TASK TO COMPLETE
A precise copy of the data is required, with every picture left out.

THE DATA
+ + +
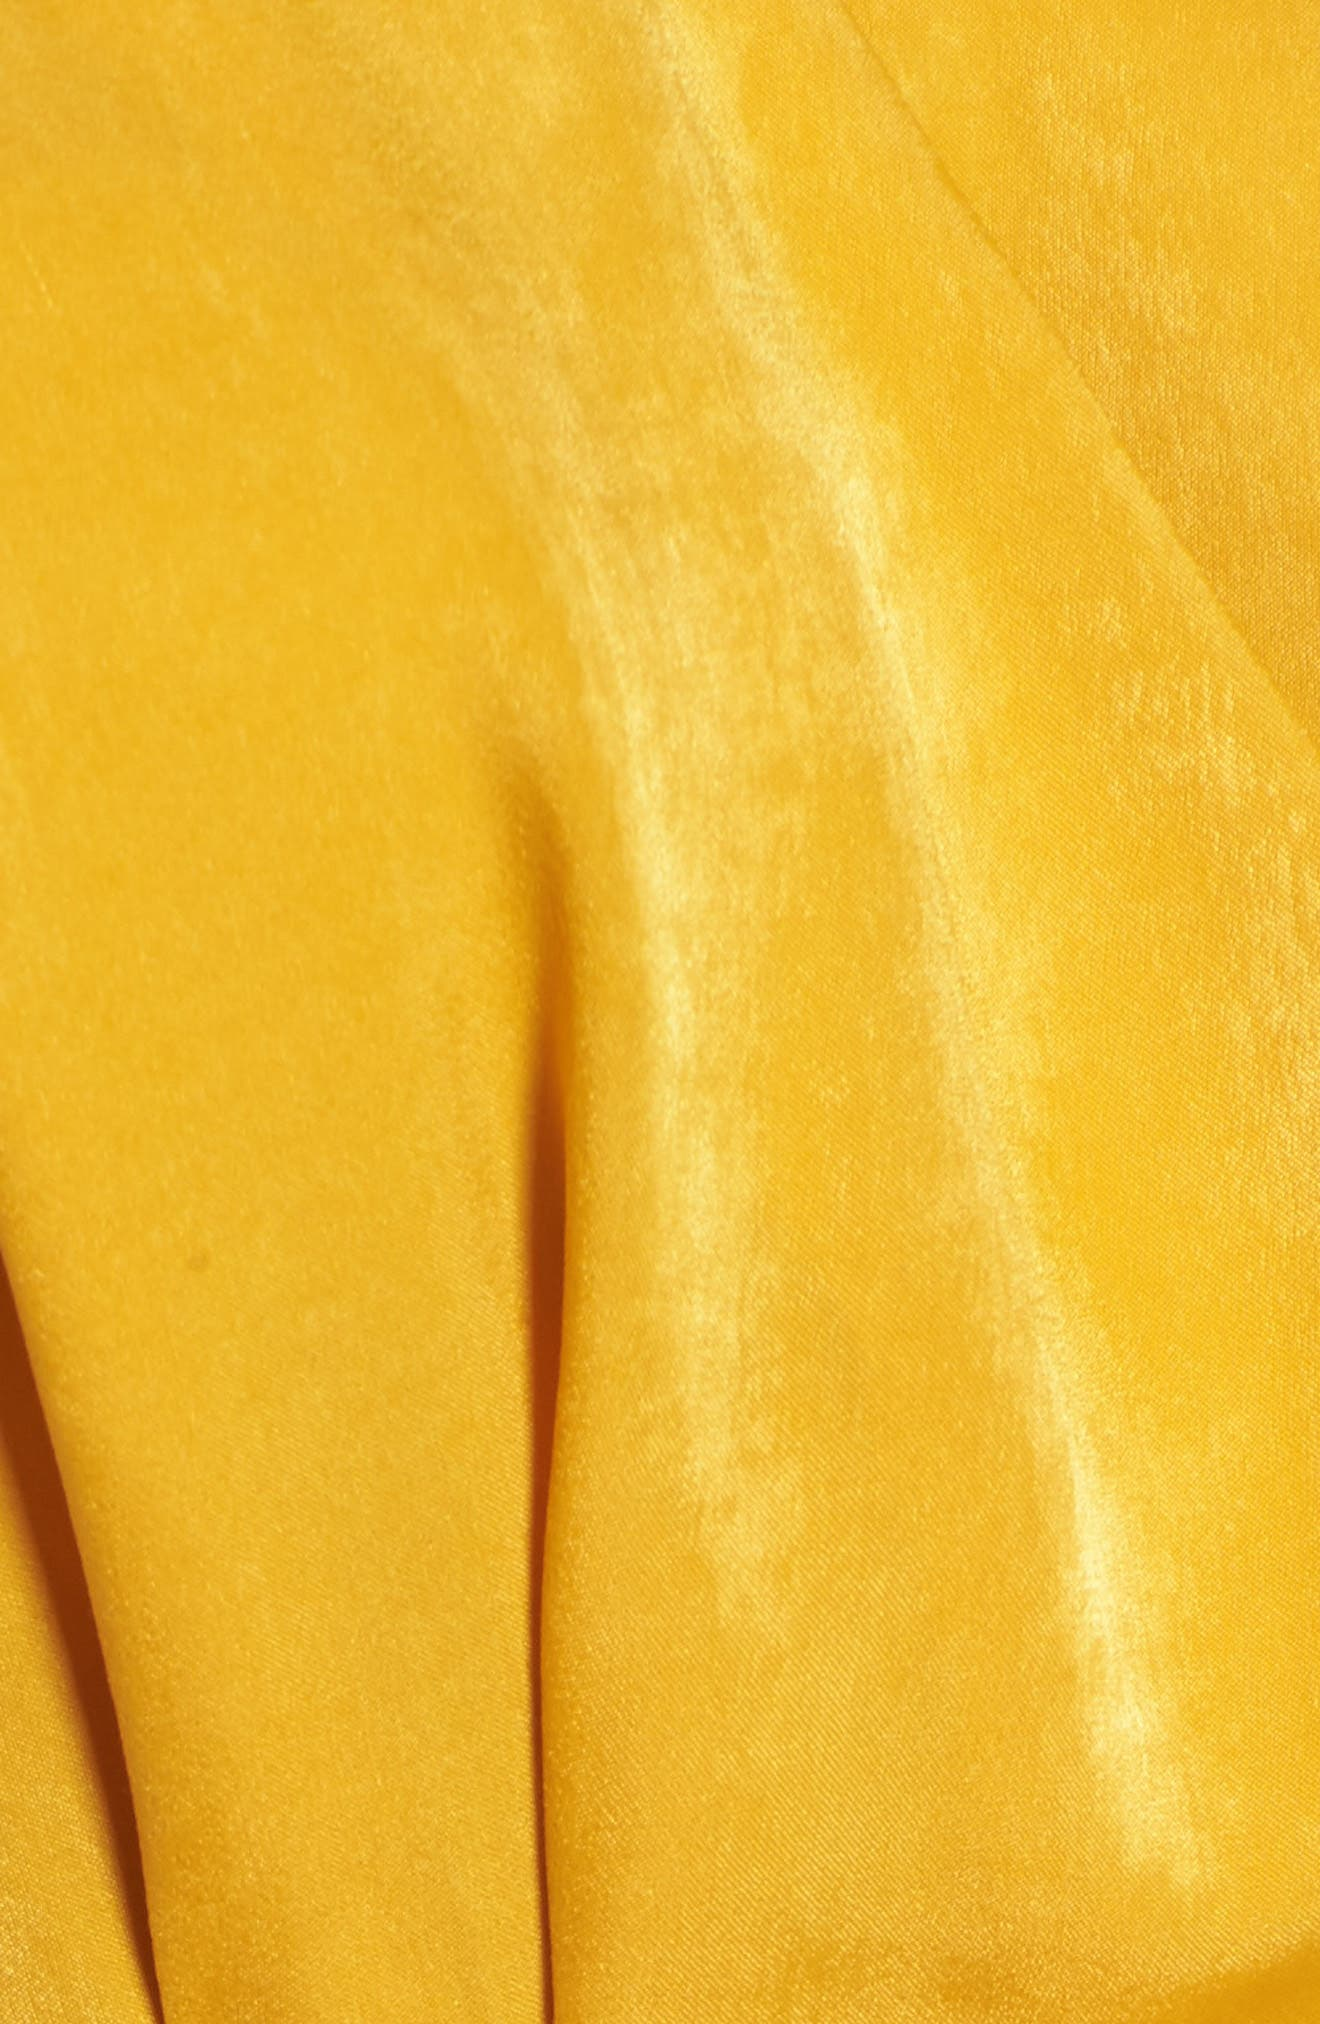 Satin Wrap Top,                             Alternate thumbnail 6, color,                             Mustard
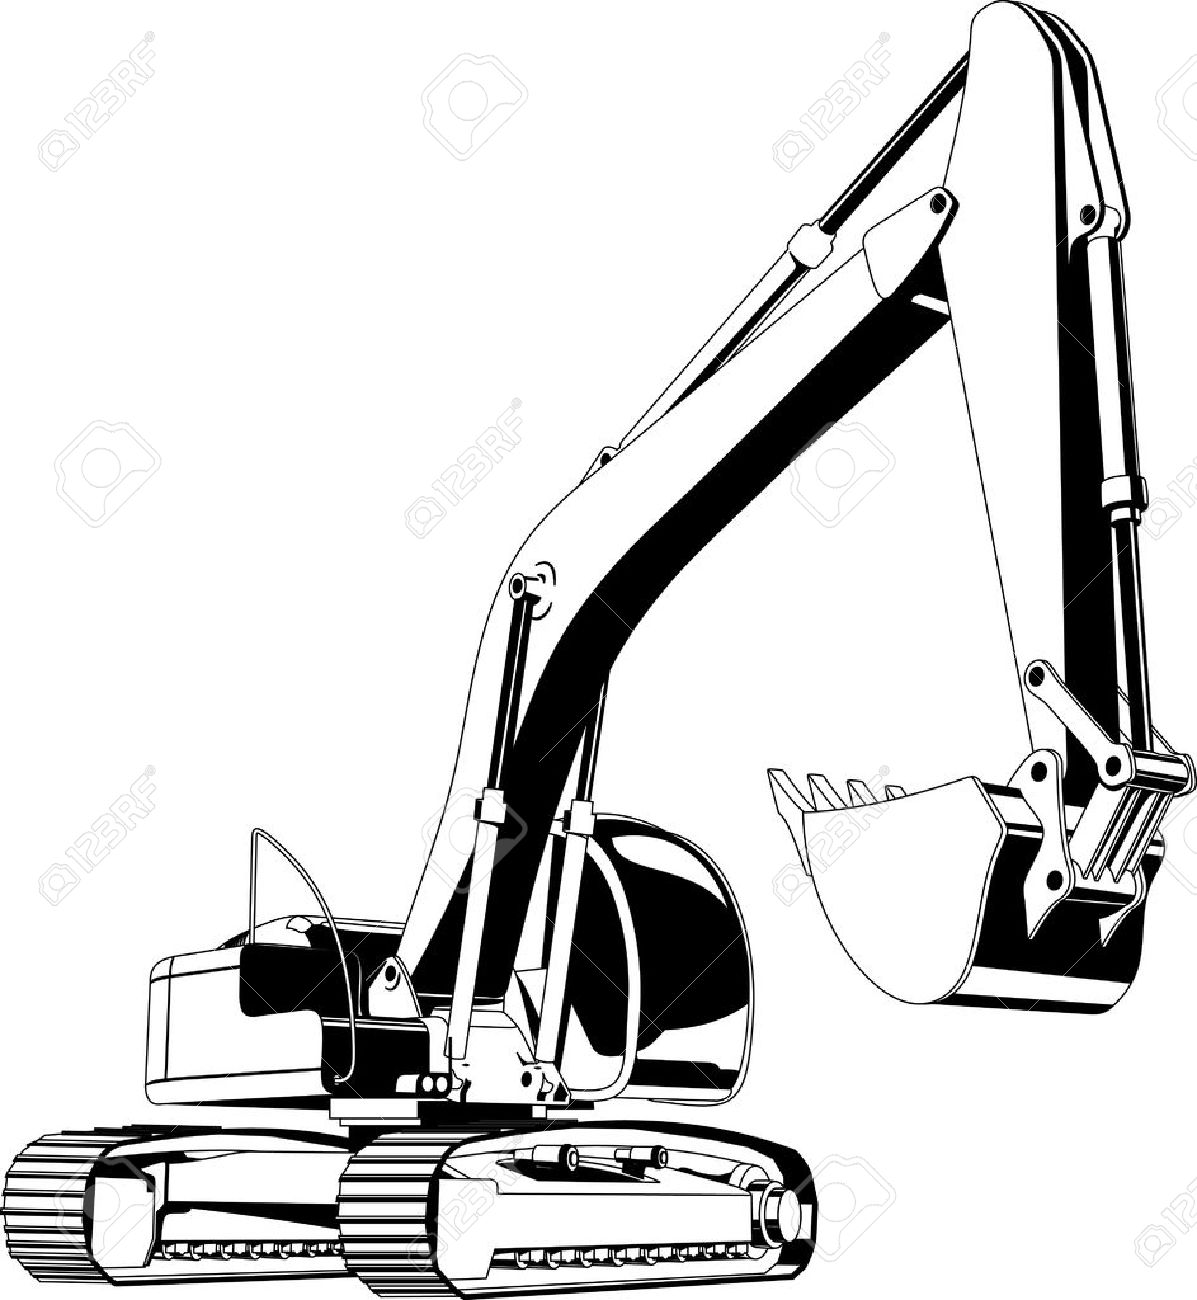 http://previews.123rf.com/images/suricoma/suricoma1001/suricoma100100002/6177502-excavator--Stock-Vector-excavator-icon-caterpillar.jpg
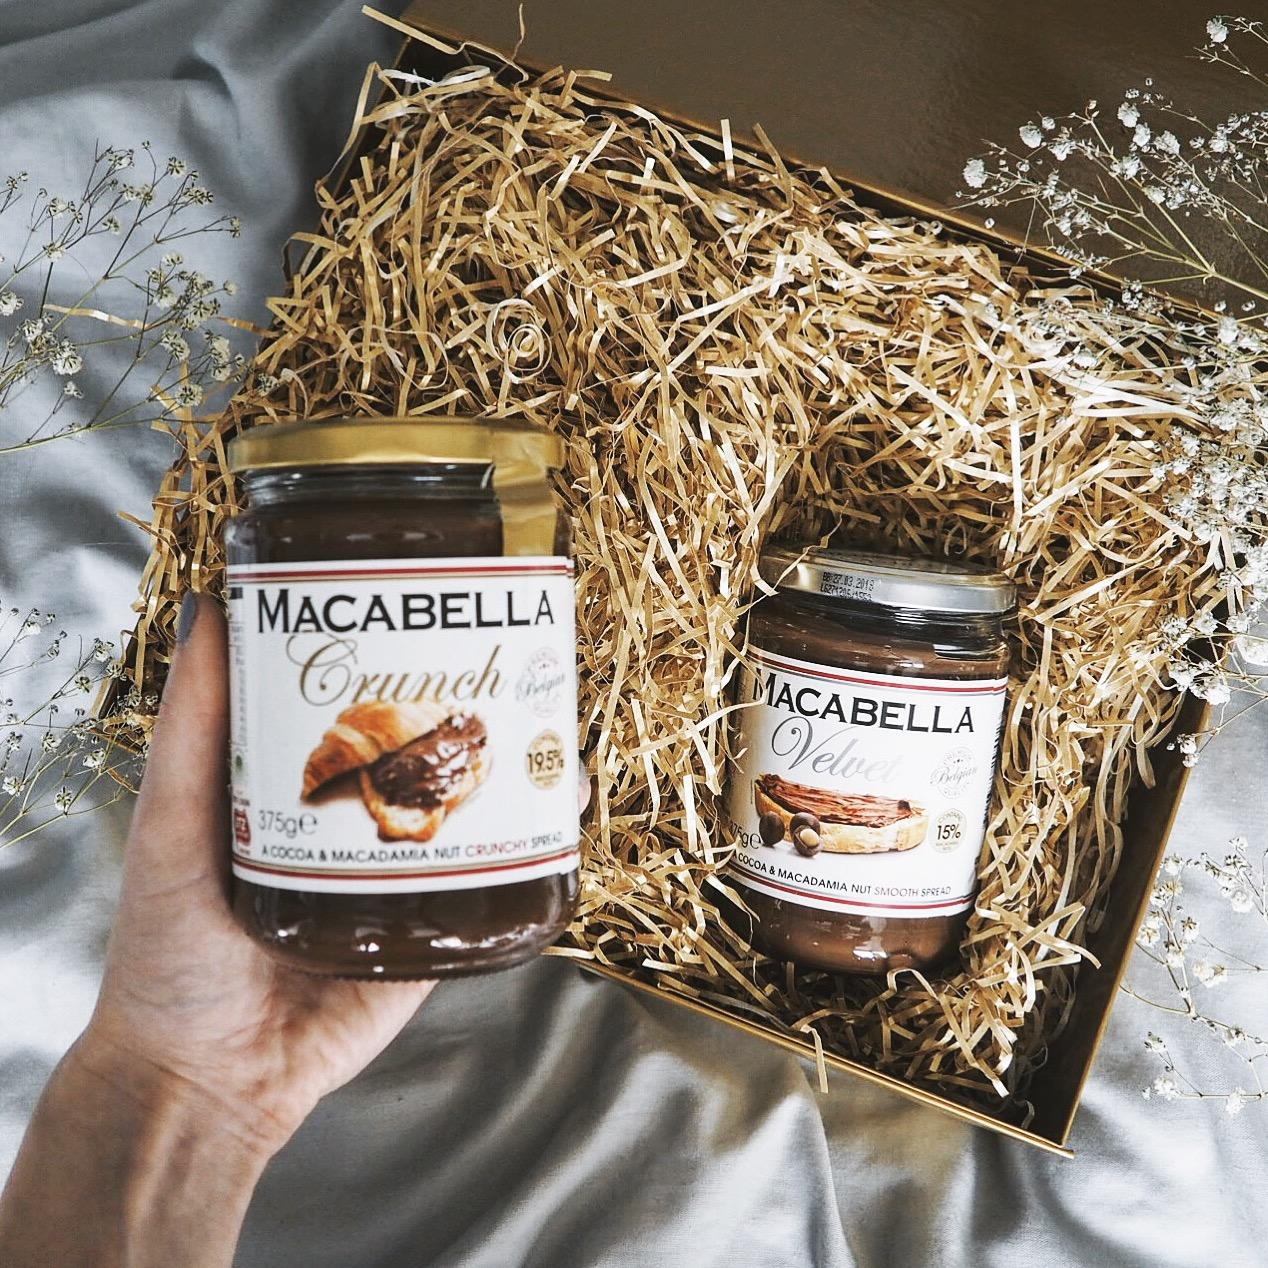 macabella chocolate spread, chocolate hazelnut spread, chocolate spread recipe, macabella, chocolate spread
+ + +
EXERCISE RESULT
 Satin Wrap Top,                             Alternate thumbnail 6, color,                             Mustard
 http://previews.123rf.com/images/suricoma/suricoma1001/suricoma100100002/6177502-excavator--Stock-Vector-excavator-icon-caterpillar.jpg
 macabella chocolate spread, chocolate hazelnut spread, chocolate spread recipe, macabella, chocolate spread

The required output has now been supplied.